Governor van Plettenberg
In 1767, aged 28, Van Plettenberg was appointed as the first legal officer, or independent fiscal, at Cape Town.
In 1774 he rose to the position of governor, a post he held for eleven eventful years. His predecessor in office was the best loved of all the Dutch governors, Rijk Tulbagh, whose administration for 20 years had been one of honourable rectitude. The burghers who had enjoyed a warm and close admiration for “Father Tulbagh” never had the same regard for the well-born, reserved and overfed van Plettenberg.
Van Plettenberg chose as his fiscal a sophisticated but arrogant man named Willem Cornelius Boers, and the two of them had little sympathy for those among the free burghers of the Colony who launched petitions of grievance against their administration. Van Plettenberg specifically declared that the petitioners of 1779 were a small and insignificant group among the burghers. Nonetheless, although he was impatient with the demands of these burghers, he went to endless lengths to understand the needs of the farmers, especially those in the more distant parts of the Colony.

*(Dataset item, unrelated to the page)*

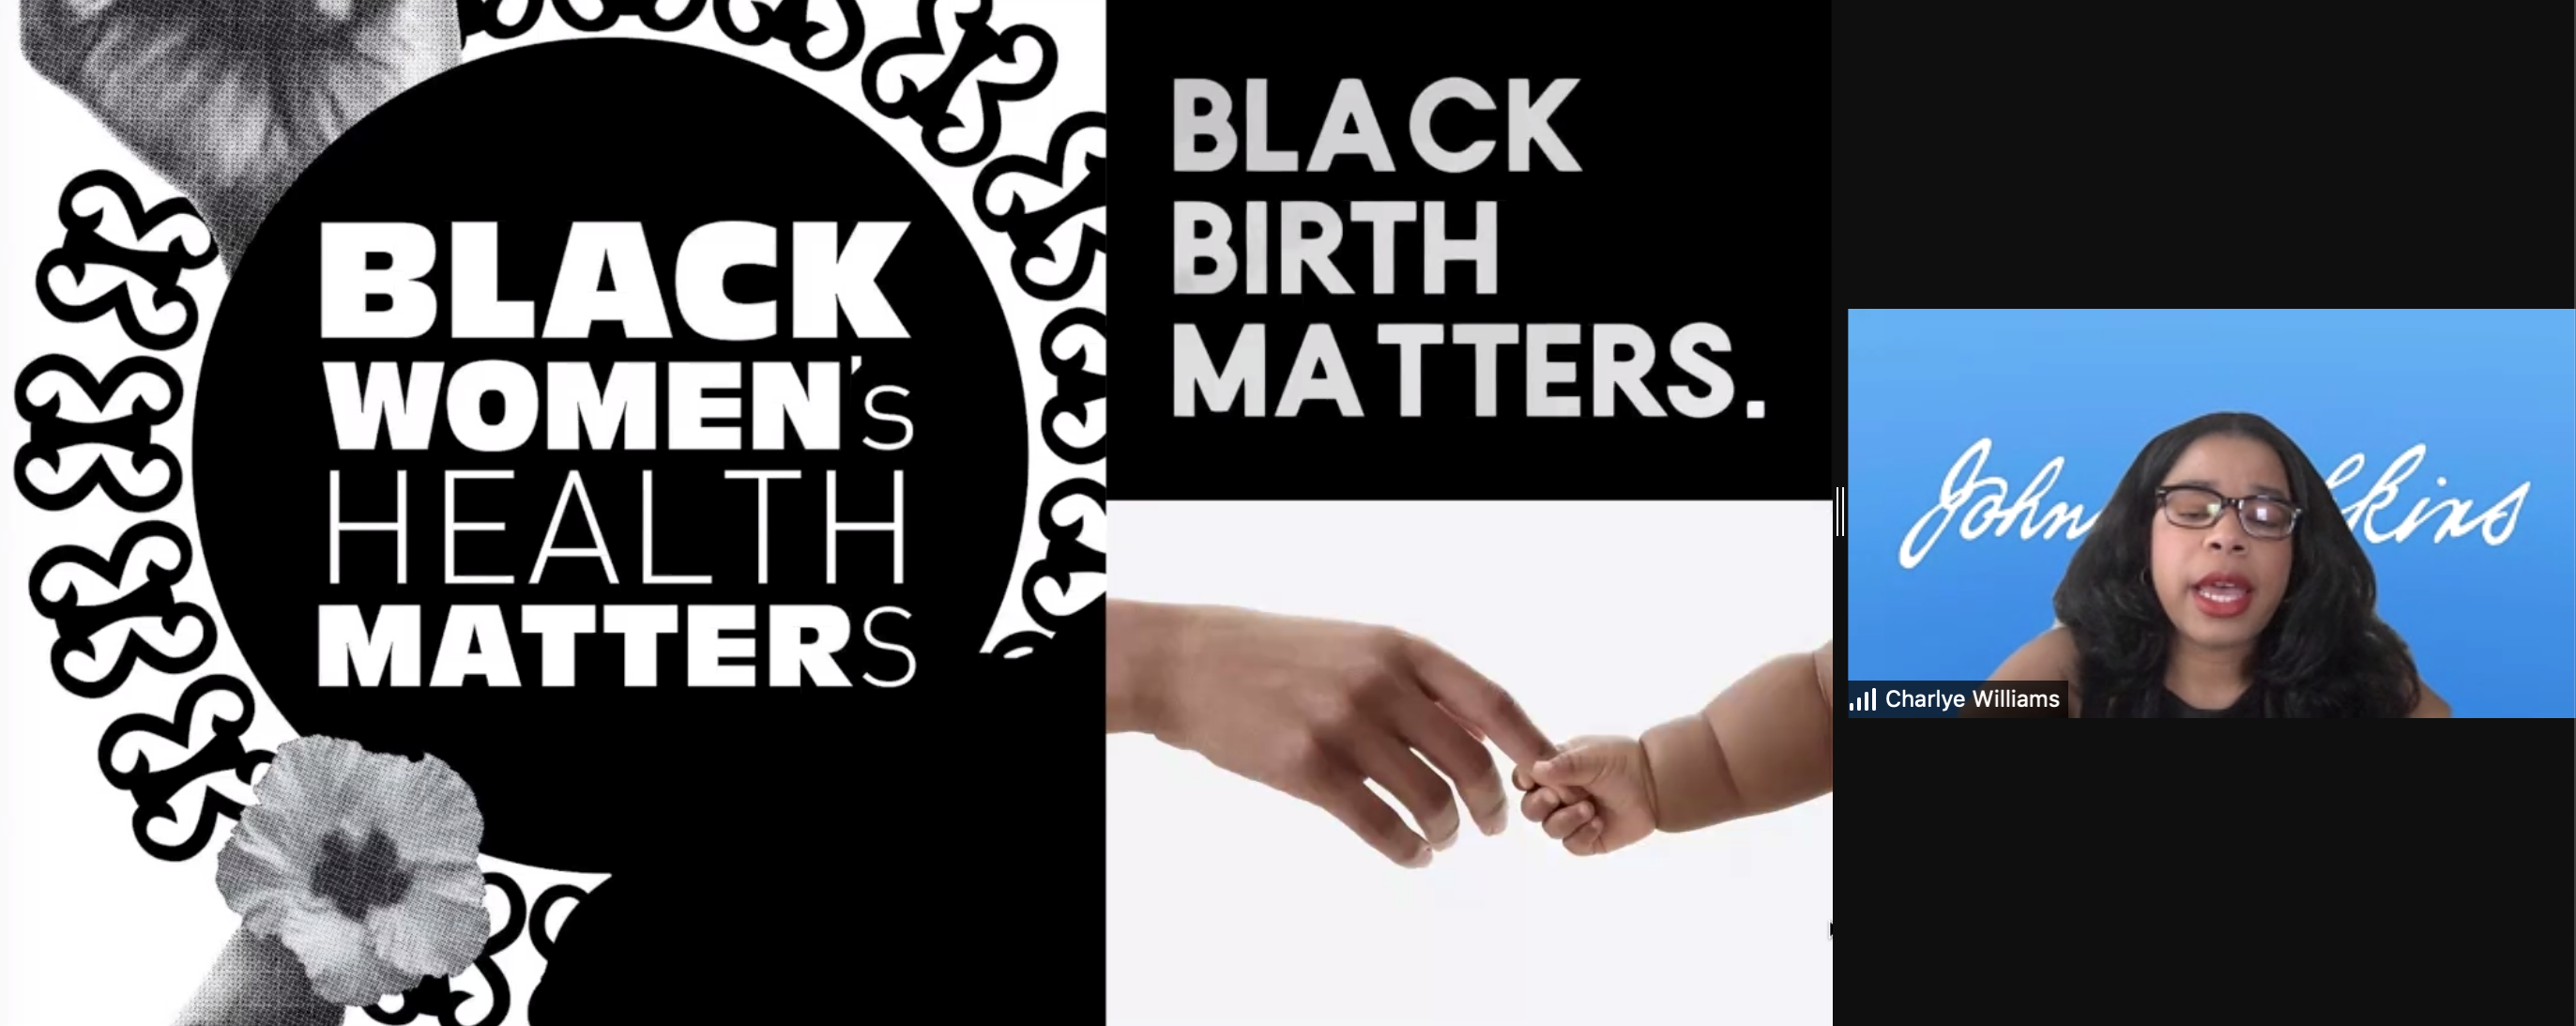 Charlye Williams Presentation Screenshot - Black Birth Matters

In 1778 he had travelled as far as Colesberg and it was on the same trip that he came to Bahia Formosa, a place he liked so much that he renamed it – Plettenberg Bay – and also erected a pillar to commemorate his visit. Two years later he again travelled extensively through the Colony.
Baron van Plettenberg spoke several languages and was certainly regarded as an enlightened thinker; it is generally considered that he would have been more highly regarded and his administration more rewarding and successful had his term of office as governor not coincided with a period of turbulence and unrest.